After the triple stack of Grotto, Tornado Sluice, and Divided Highway, some easy class II-III rapids follow until you reach Rock Cruncher, where two lines are possible. If it isn’t an ELF day you can sneak down the left side, bouncing off a few rocks and into the pool below the rapid. The normal line is to work from center to river right, above a narrow slot against the right bank. From the eddy above the slot, shoot down and through a series of small holes. No doubt you’ll spot a juicy mushroom of water at the bottom ripe for a boof – but watch out! A nasty flake rock is right in the center below the mushroom. Skim the left or right side to avoid getting crunched.
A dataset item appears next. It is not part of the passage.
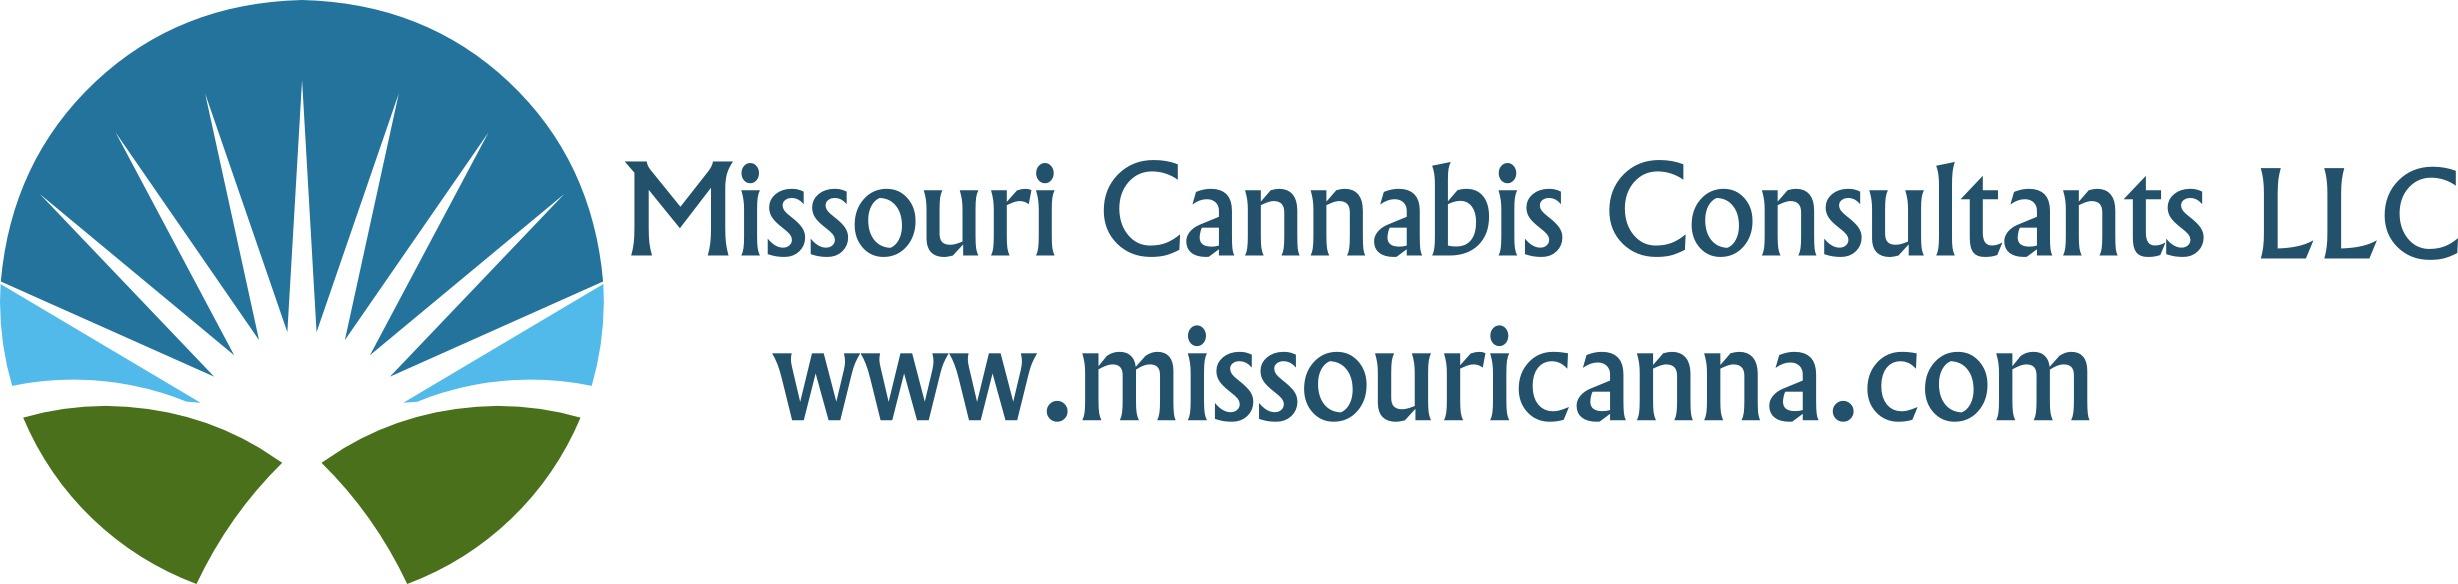 Missouri Cannabis Consulting Logo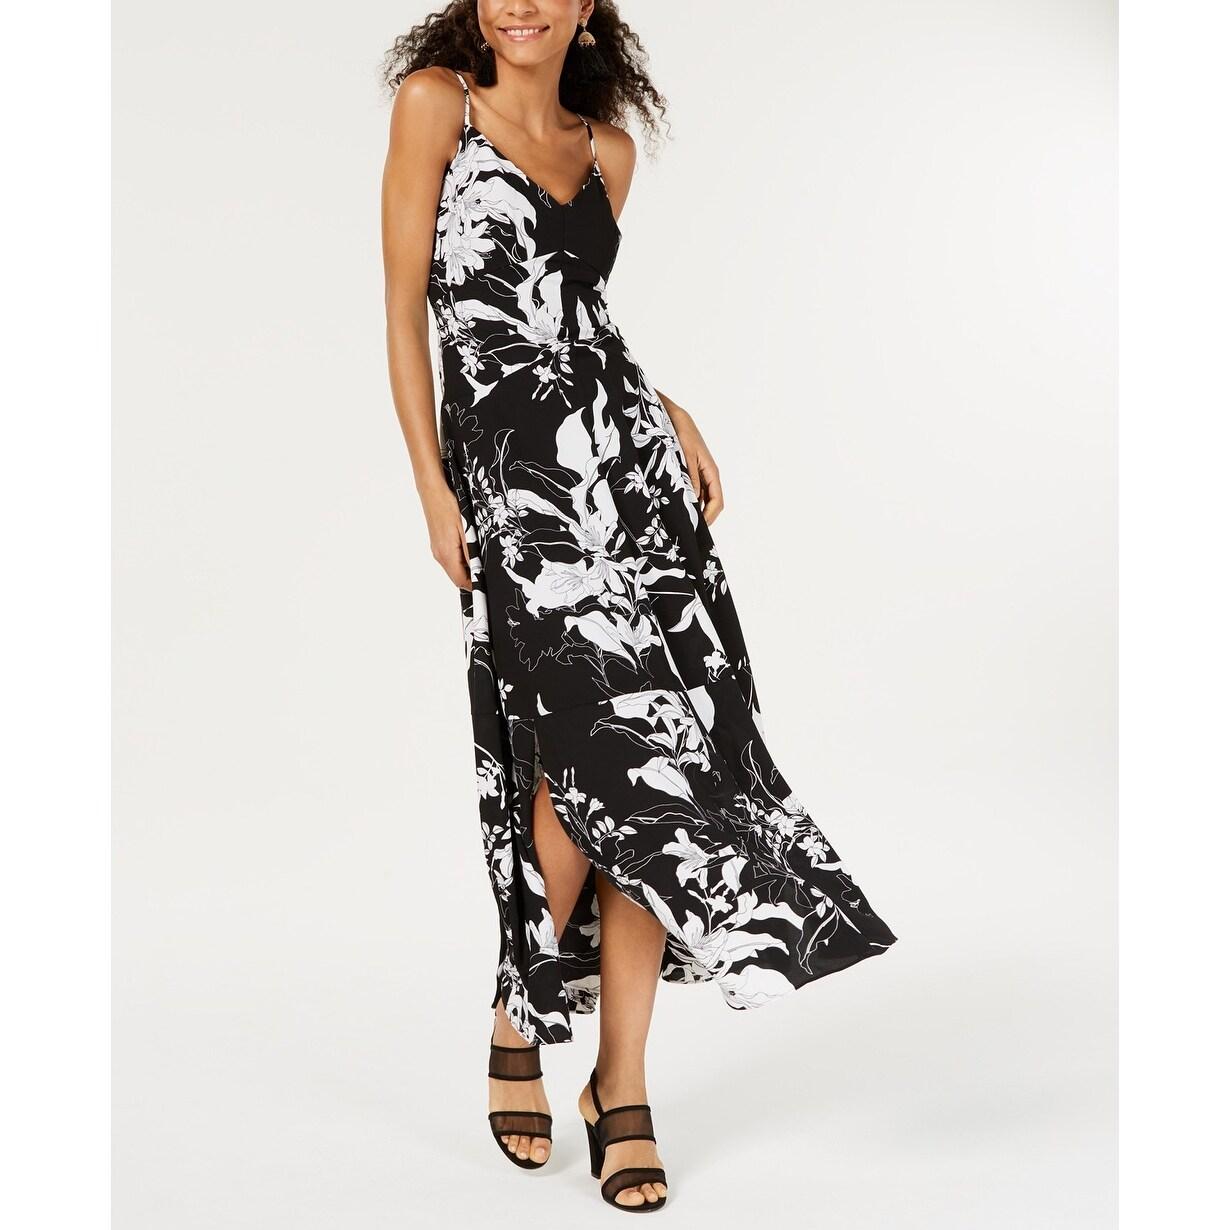 $298 Bar Iii Women/'S White Floral-Printed V-Neck Sleeveless Maxi Dress Size 8

A few easy rapids follow Rock Cruncher. The next significant rapid starts after a long pool, where the river doglegs right and the left and center are obscured by large rocks. Take the right side here, following the main tongue of current over a few small shoals, then work back left when possible to find a fun boof against the left bank. Get your guard up now, because a dangerously sticky hole known as Little Woodall is coming up soon. After the aforementioned boof, work back to center and then right around a few boulders, and then bolt for a big eddy on the left bank beside a tall rectangular boulder. Most of the current goes river right over a 3-foot, boxed in hole, which I have personally spent time recirculating in and do not recommend that experience to anyone. The conservative line is to bang down the wet rocks at the bottom of the eddy, but if you have the soft goods you can boof the hole. Make sure you have some buddies ready to rope you out from the right.
After Little Woodall, a long boogie rapid leads to the confluence with Scarham Creek. Hike up and take a look at the last rapid on this tributary, known as Terminator (class IV or V), and run it if it looks good to go. Below here the creek widens significantly, and with the added flow from Scarham, presents some good play opportunities to celebrate finishing the hard stuff. Surf waves and fun boofs abound. Look for a good ender hole in the second rapid past the confluence on river right.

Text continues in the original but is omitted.